Anita has been saving for more than a year to come visit during Christmas. “The money mainly for buying things for friends and family. I don’t know why people take offense if you don’t bring them anything.” However Anita fails to understand why people christen them with funny names yet they’re still Kenyan.
But Judy Njuki, a Kenyan in the Diaspora who has embraced her situation and is the blogger of the popular A Summer Bunny blog, says that all the hullabaloo Kenyans at home like to bring up about those who travel home for the holidays is meaningless. “People love to hate summer bunnies and I think it is unnecessary, besides, we all need each other.

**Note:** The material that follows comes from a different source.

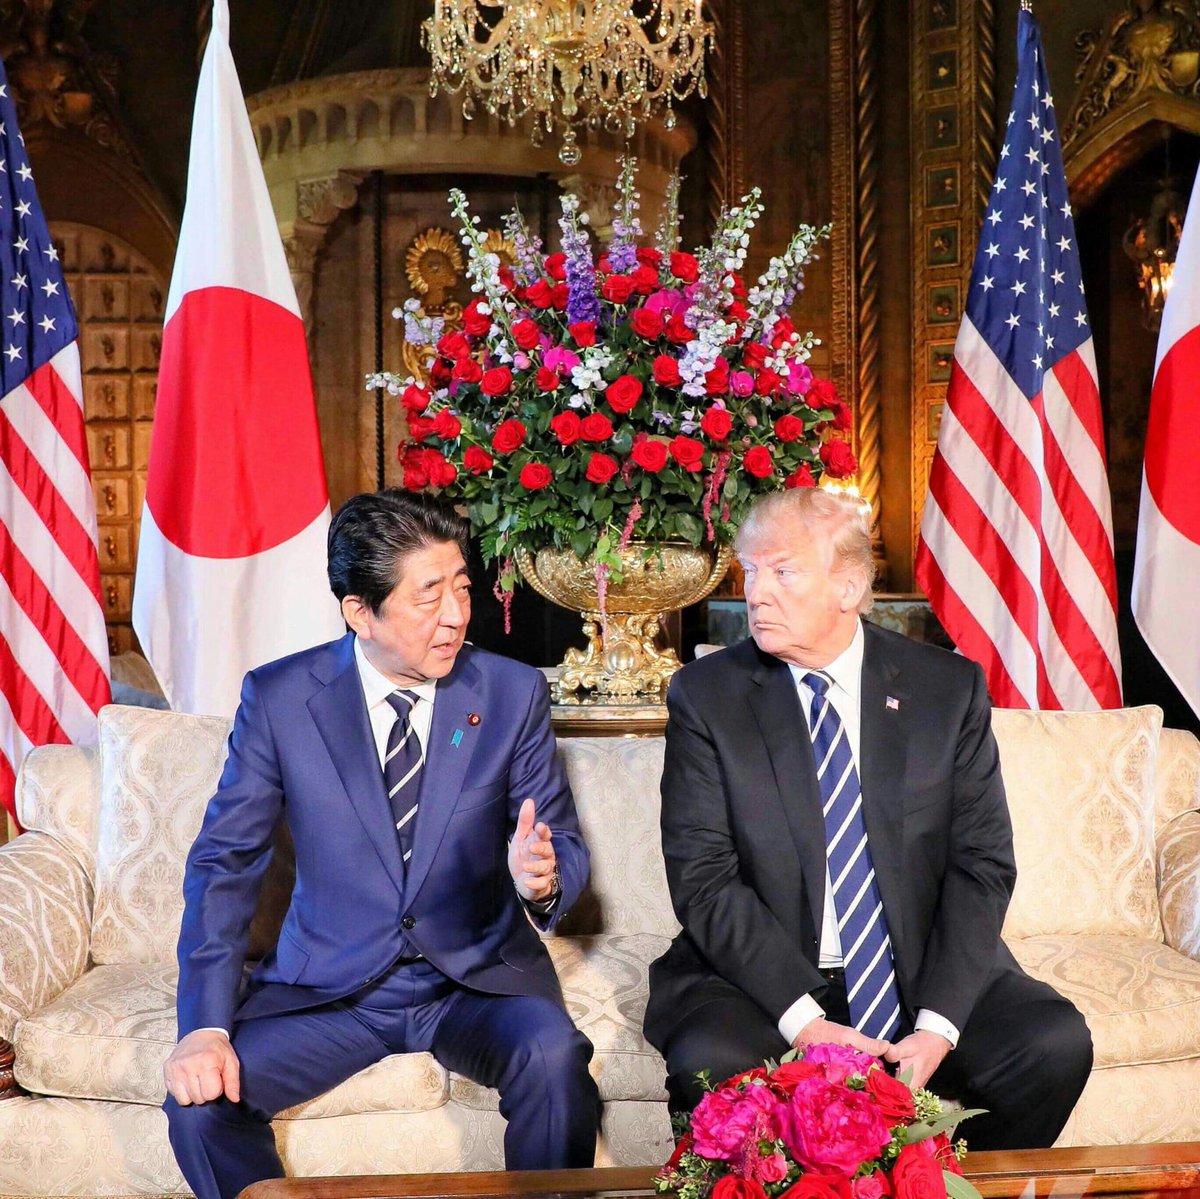 test ツイッターメディア - フロリダに到着し、早速トランプ大統領との首脳会談に臨みました。今日は、大半を北朝鮮問題に費やし、非常に重要な点で認識を一致させることができました。 「日本のために最善となるようベストを尽くす」 トランプ大統領は、来る米朝首脳会談で拉致問題を取り上げることを確約してくれました。 https://t.co/jmwobadARS

If people knew what we go through, no one would hate us. I just think it’s sad and unnecessary and we’ve committed no crime,” she says citing the reactions of disgust thanks to their acquired accents. “Seriously how can an accent piss one off when so many local Kenyans twang?” she asks. “I save a lot of money to take friends out.
No one ever says no,so they shouldn’t complain.” Njuki says that socialising is something they miss and they love that almost everyone is game anywhere anytime.“Until you know how it feels to have someone throw a banana at you,” she speaks about the racist culture abroad; “My friend, I think you need to let me buy you a drink in peace.”